Maxwell Maltz began developing Psycho-Cybernetics after noticing something that troubled him professionally. He was a plastic surgeon. Many of his patients remained insecure and unhappy after surgeries that objectively improved their appearance. The physical problem was solved. The psychological one persisted. Which led him to the conclusion that the face was never the real subject. The self-image was.
His central argument is that the brain operates like a cybernetic system, a goal-seeking mechanism that navigates toward whatever image you hold of yourself. Not the image you perform for others. The image you actually hold internally, often below conscious awareness, assembled from experiences, feedback, absorbed references, and borrowed templates accumulated over years.
The system is automatic and largely unconscious. Which means that if the image you're navigating toward was assembled from what your feed confirmed, what your algorithm rewarded, what the templates around you suggested a person like you should be, then the system is working perfectly efficiently toward a destination that isn't yours.
Maltz found that changing the self-image required honest examination of the image you were currently holding and deliberate construction of a more accurate one. He observed that patients needed a minimum of 21 days to form a new mental image of themselves, a finding that became the basis for the popular idea that habits take 21 days to form, though modern research suggests 66 days is closer to accurate.
The more relevant point for this post is not the timeline. It is the prerequisite. Before you can build an accurate self-image, you have to see the current one clearly. You have to hold it up honestly and ask how much of it is actually yours and how much arrived from elsewhere and was never questioned.
That examination is harder now than it has ever been, not because people are less self-aware, but because the systems surrounding them are more sophisticated, more personalised, and more commercially motivated to prevent exactly that kind of honest looking.
What does it actually mean to know yourself.
It probably doesn't mean finding some essential, unchanging core self beneath all the influences. It probably means something more practical and more difficult. Developing the ability to distinguish between what you actually think and feel and want, and what you have been told to think and feel and want by systems that benefit from your confusion.

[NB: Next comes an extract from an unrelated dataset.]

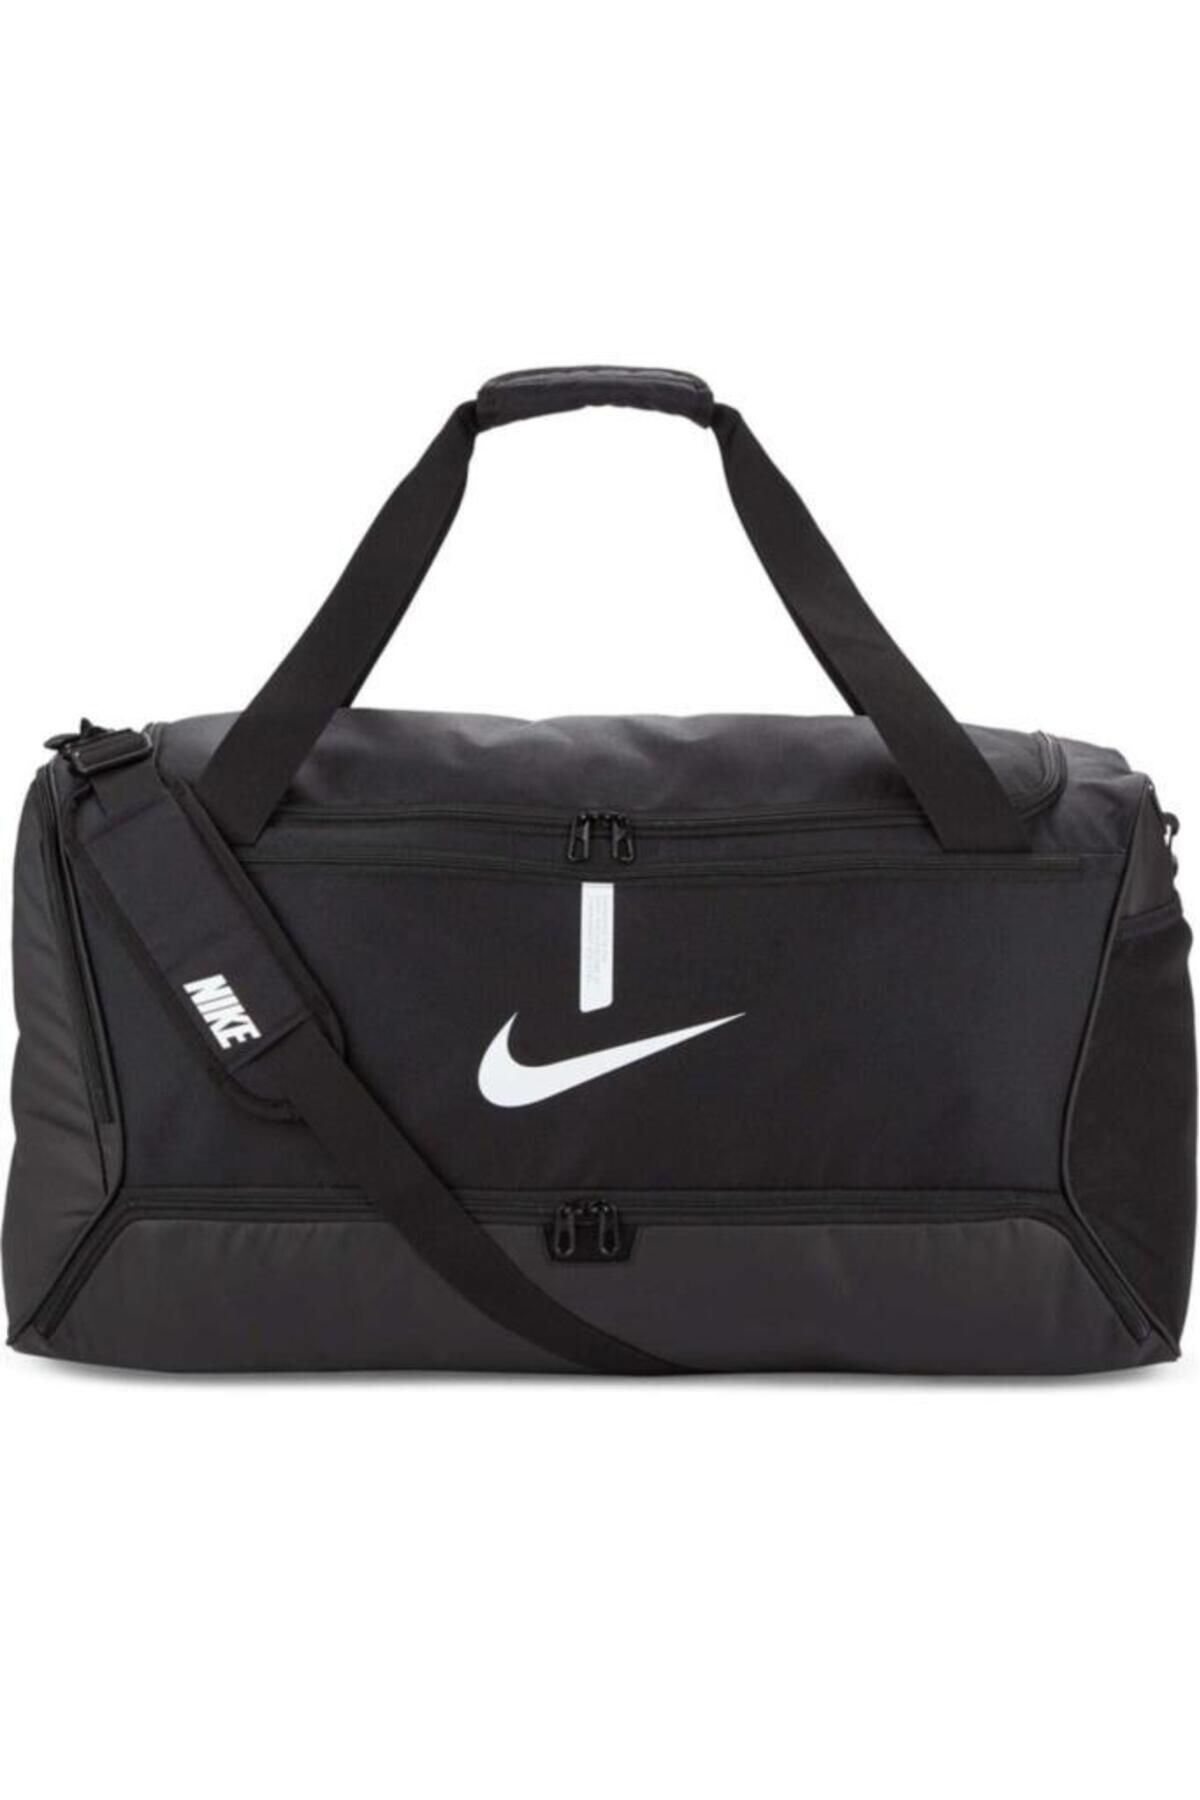 Nike Academy Team L Duffel Bag Unisex Spor Çanta Cu8089-010

A cliché, I know, and still. Think of a girl who became a model because being a model is the dream. The aesthetic fits the feed. The identity is legible, admirable, instantly understood. But maybe she would rather have been someone who bakes bread at five in the morning for no audience at all. The life she is living is coherent and photogenic, but is it hers?
This happens in quieter ways too. In careers chosen because they matched a template that arrived early. In versions of yourself assembled from absorbed references that were never examined closely enough to be claimed or discarded.
Can one live an entire life inside a self-image that was partly borrowed and never notice? When the borrowed image is functional and the people around you confirm it and nothing ever forces you to hold it up to the light.
That is perhaps the most uncomfortable thing I learned from Maltz. Not that people have the wrong self-image. But that most people never examine it at all.
You cannot get anywhere true from a borrowed map. But how many people reach the end of the journey before they think to check whose map they were using?
Today's micro-fable:
A cartographer spent his life making maps of a kingdom he had never visited, working from descriptions other travellers brought back. The maps were beautiful and widely used and considered highly accurate. One day he finally made the journey himself. The kingdom was nothing like his maps. He sat down by the road for a long time. Then he took out a fresh sheet and began again from what was actually in front of him. The second map was less beautiful, but far more useful.